Part of the problem understanding “chemo brain” is that definitive, longterm tests – on the same patients before, during and after chemotherapy – have not been done, says Cheri Geckler, a neuropsychologist at Tufts-New England Medical Center.
Another part is that it’s proven hard to tease apart, at least in women with breast cancer, whether “chemo brain” comes from chemotherapy per se or from the fact that chemotherapy plunges some women into abrupt menopause, which can cause hormonal, mood and sleep disturbances that can affect cognitive performance..
And “none of these studies has been done in large enough numbers or with good enough controls for us to be certain of what’s going on,” cautions Dr. John Glaspy, an oncologist at the Jonsson Comprehensive Cancer Center at the University of California, Los Angeles.

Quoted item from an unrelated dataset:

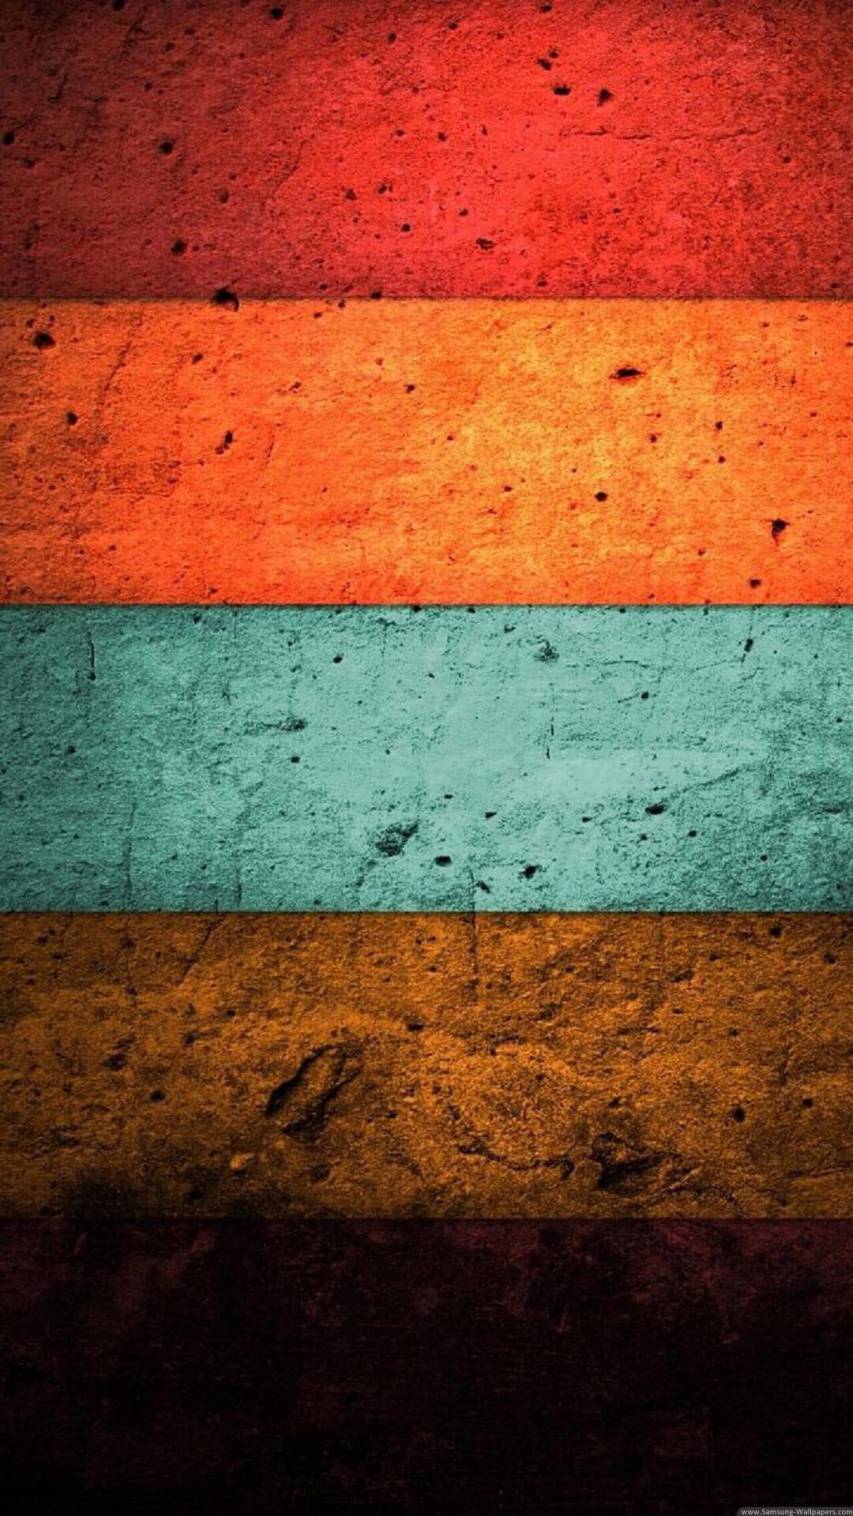 IPhone wallpaper with colorful stripes on a dark background - Retro

Potential treatments for “chemo brain” are at an even earlier stage. Researchers are considering drugs used to treat Alzheimer’s, stimulants, drugs used to treat anemia and the related fatigue that can lead to some cognitive impairment..
As for the Toronto marketing consultant, memorization exercises, and the sheer passage of time since chemotherapy, have helped.
“My brain is different,” she says. She now has to use notes to deliver presentations that she wrote herself and used to know by heart. “My brain is about 90 percent back. But the rest has not come back.